The Dietary Guidelines Advisory Committee needs Americans to change their eating habits. Among the suggestions:

  • Limit intake of saturated fat to less than 7% of total calories. Current guidelines set the maximum at 10%.
  • Daily vitamins don’t benefit ‘healthy Americans’ but can help people with known deficiencies of things such as iron or calcium.
  • Daily salt consumption shouldn’t exceed 1,500 mg a day. The current guideline is 2,300 mg a day, or 1,500 mg for at-risk people.
  • The health benefits of cooked seafood outweigh the risks from mercury and other contaminants.
  • People should shift their diets to be ‘more plant-based’ and consume ‘only moderate amounts of lean meats, poultry and eggs.

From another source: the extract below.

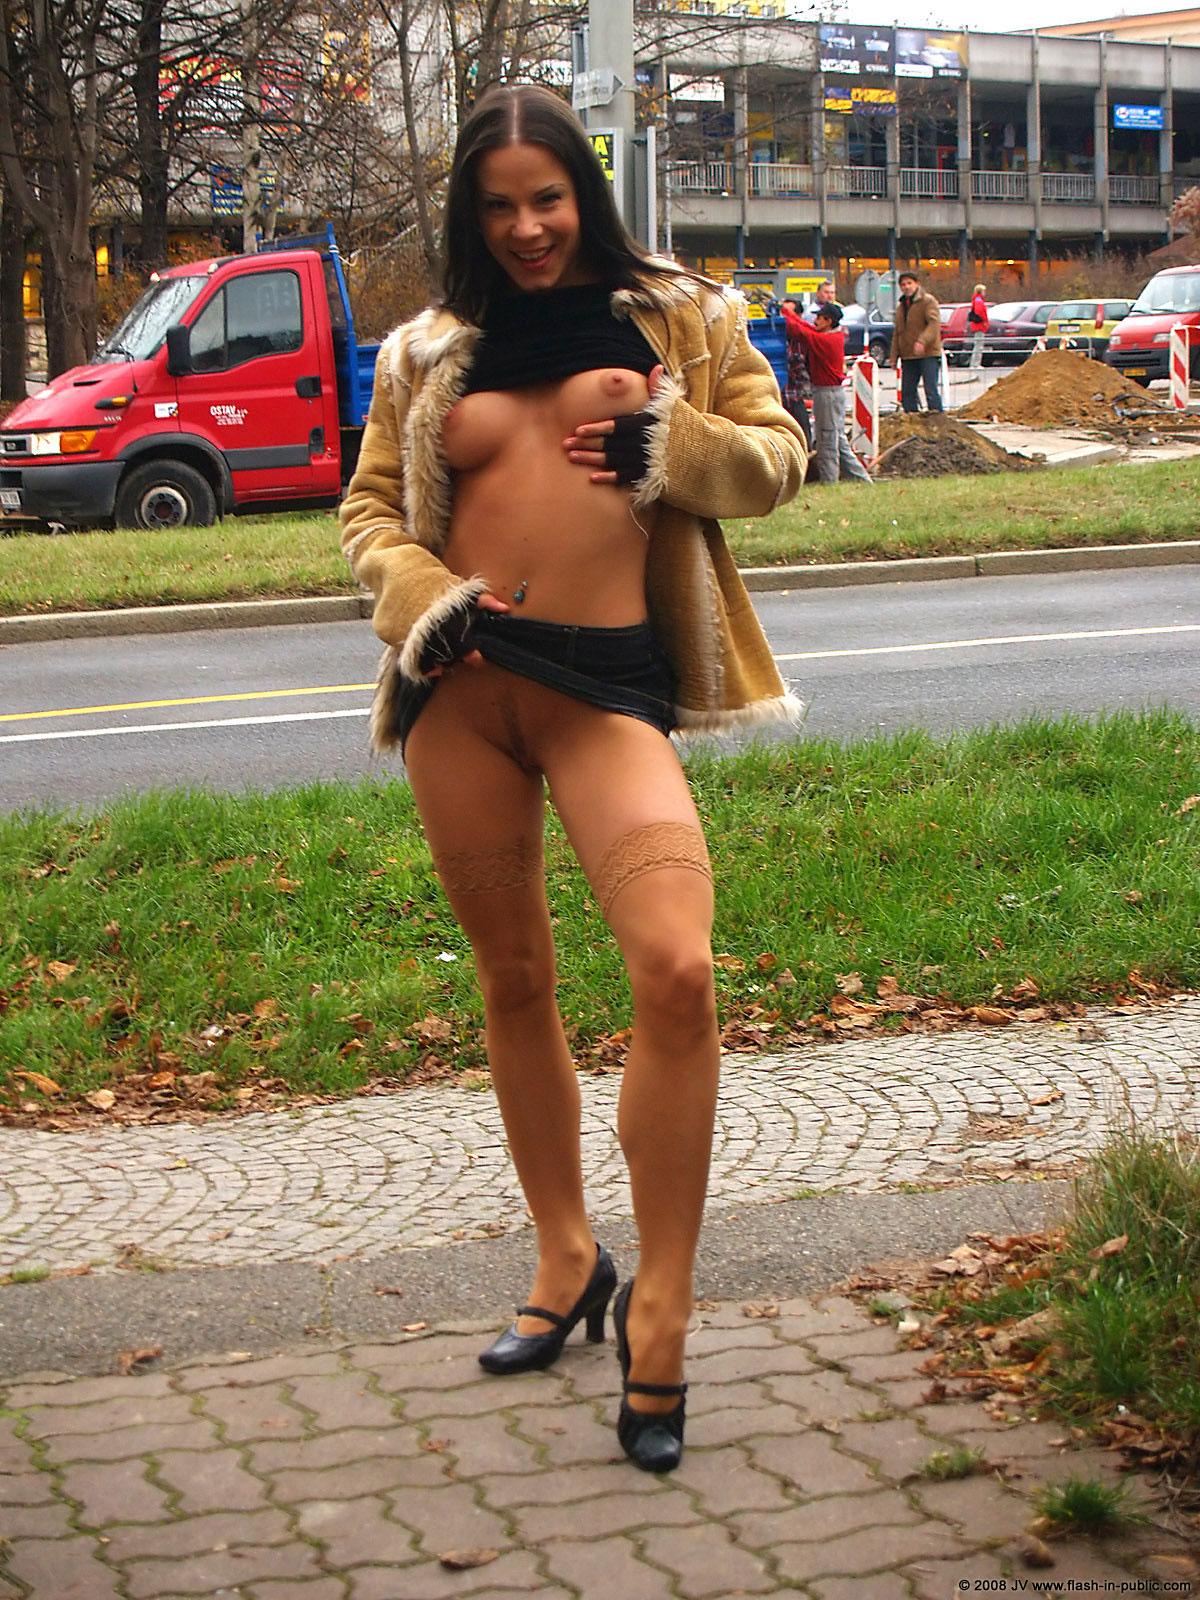 alexandra-g-bottomless-stockings-flash-in-public-16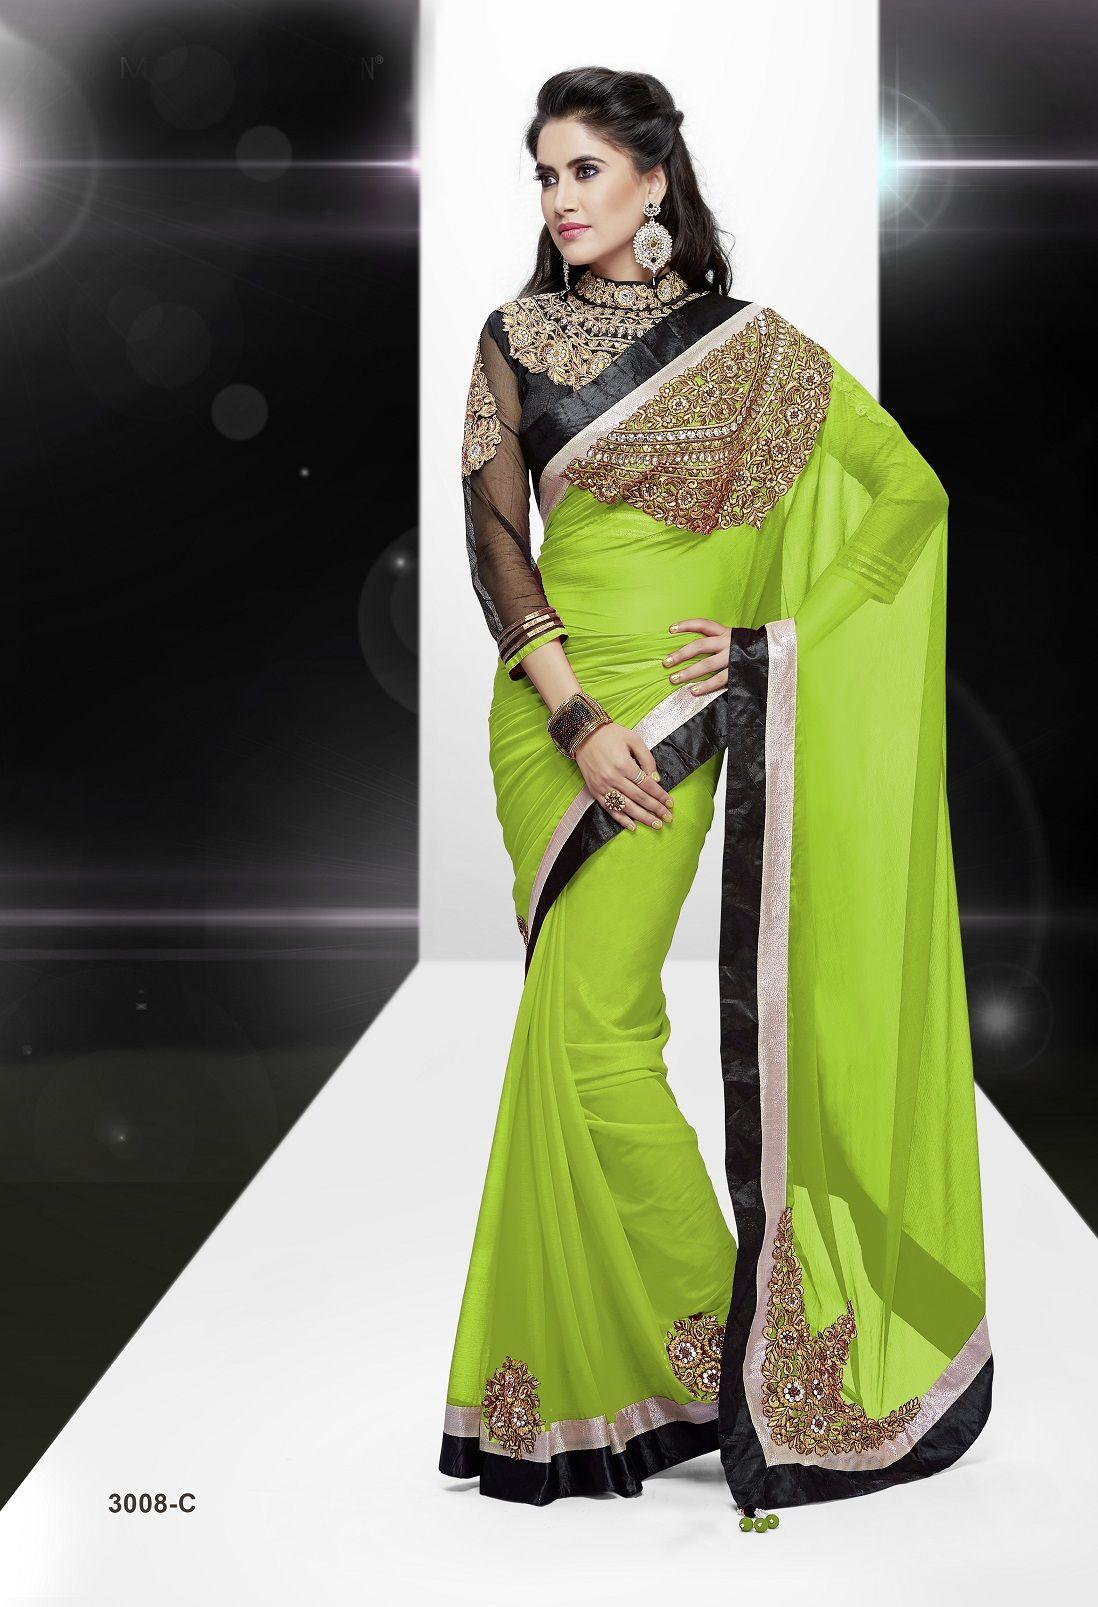 Saree blouse design for chiffon saree atsendshoppinglpfvptesgqfcolorgreen

Margo Wootan, nutrition policy director of the nonprofit Center for Science in the Public Interest said, “The basic advice is the same. The new twist is that they’re recognizing the fact that it’s very hard for people to follow that advice”. The USDA Guidelines Advisory Committee said the new dietary recommendations frankly acknowledging the lack of progress, issued every five years, with the aim “an American public of whom the majority are overweight or obese and yet undernourished in several key nutrients.”

According to the White House Task Force on Childhood Obesity, about one in three children ages 2 to 19 are overweight or obese. Few Americans may be familiar with details of the guidelines beyond the government’s widely publicized food pyramid but the document manipulates decisions in school breakfast and lunch programs, Meals on Wheels, food labeling and in discussions on regulatory issues such as food marketing to children.

1 comment

  1. ed manes says:

    The USDA is referring to 1,500 mg of sodium–NOT SALT. There is a difference. Andrew Zajac of the LA Times started the problem on June 16th when he reported the figure as being for salt. Now the incorrect amount is on the internet and you are using it too.